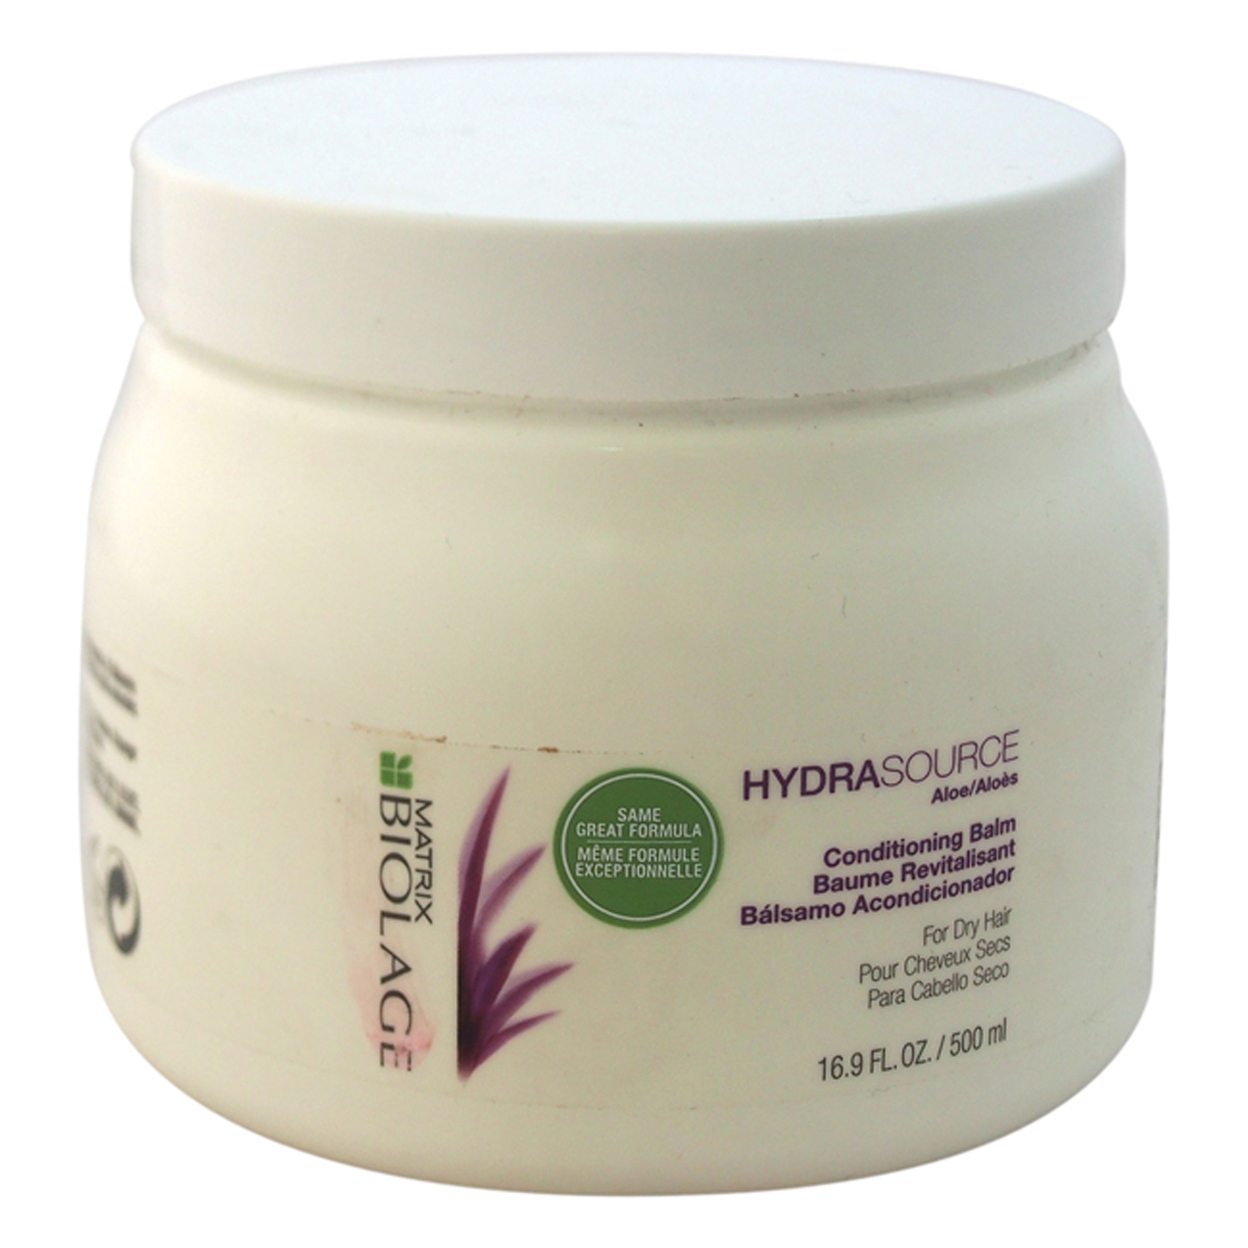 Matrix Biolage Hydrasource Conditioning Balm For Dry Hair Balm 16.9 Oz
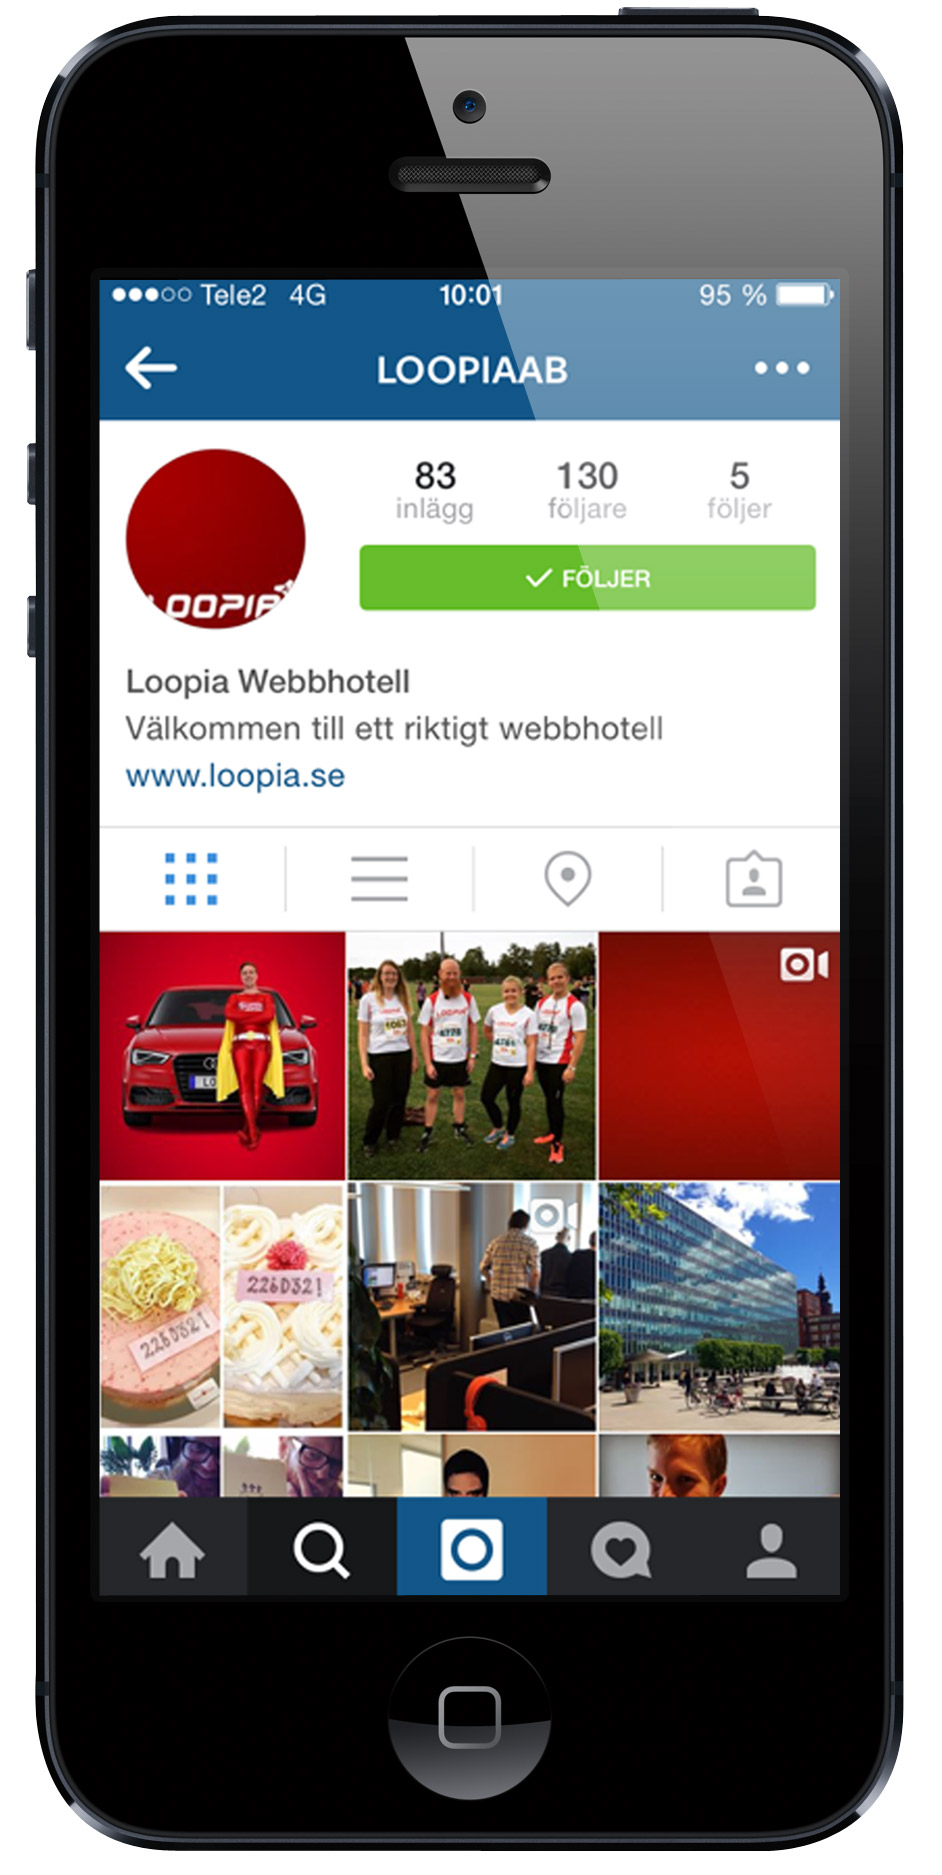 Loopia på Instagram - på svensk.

---

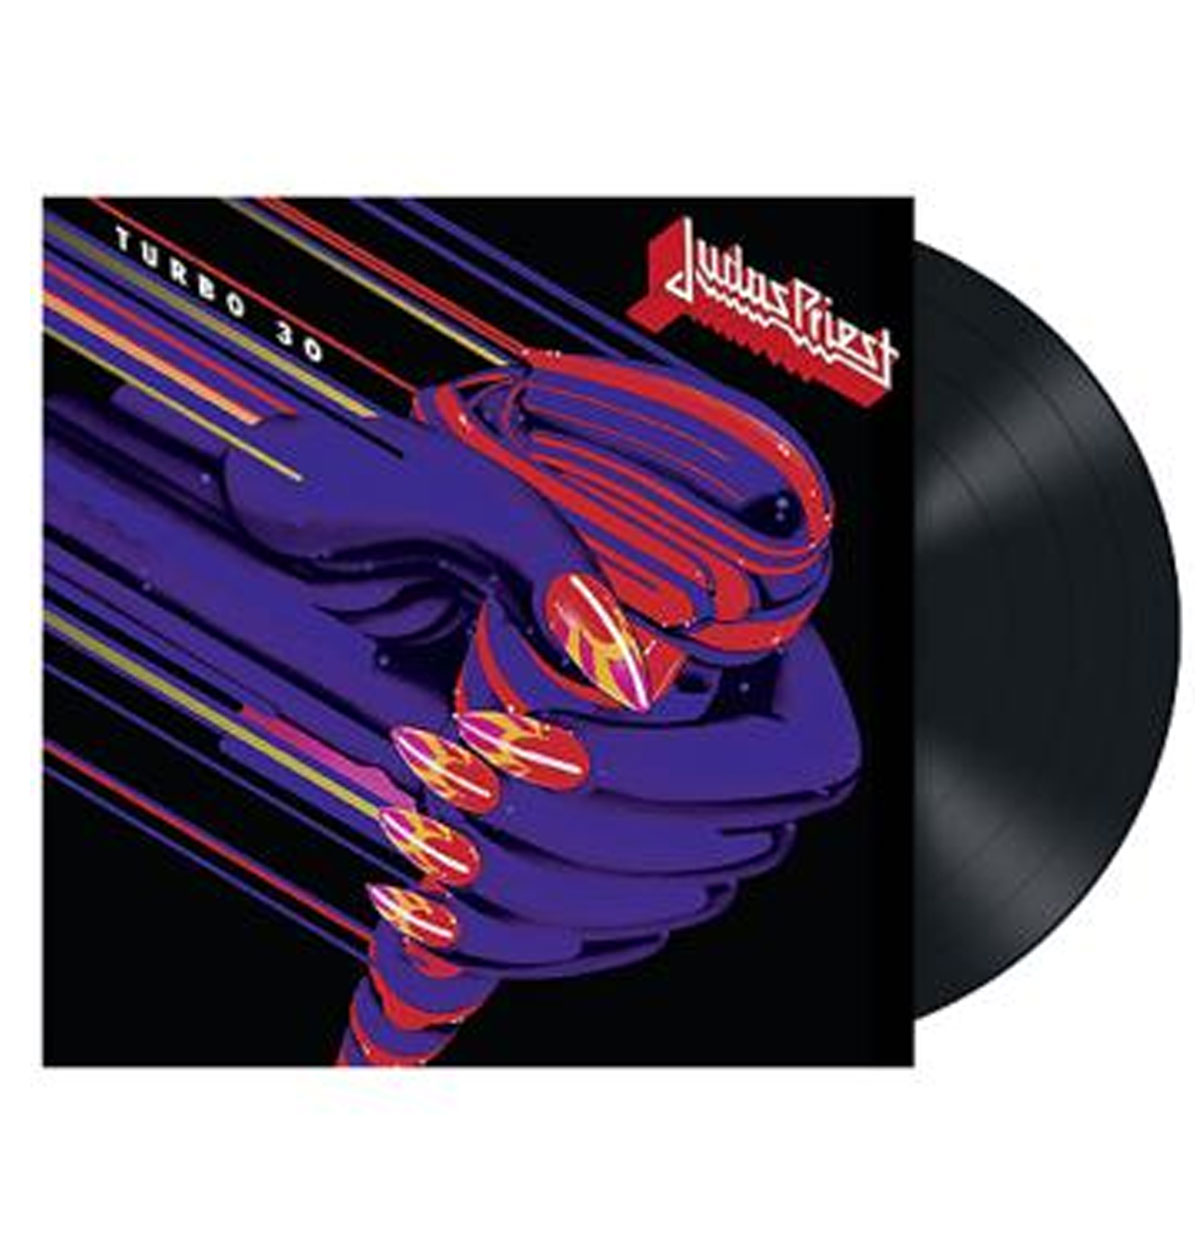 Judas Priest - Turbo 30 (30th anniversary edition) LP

_TASK PROMPT_:
Would you output the lines above from the line holding "Matrix Biolage Hydrasource" up to and including the line holding "Loopia på Instagram - på svensk.", exactly and only those, with no pictures?

_RESPONSE TO THE EXERCISE_:
 Matrix Biolage Hydrasource Conditioning Balm For Dry Hair Balm 16.9 Oz
 Loopia på Instagram - på svensk.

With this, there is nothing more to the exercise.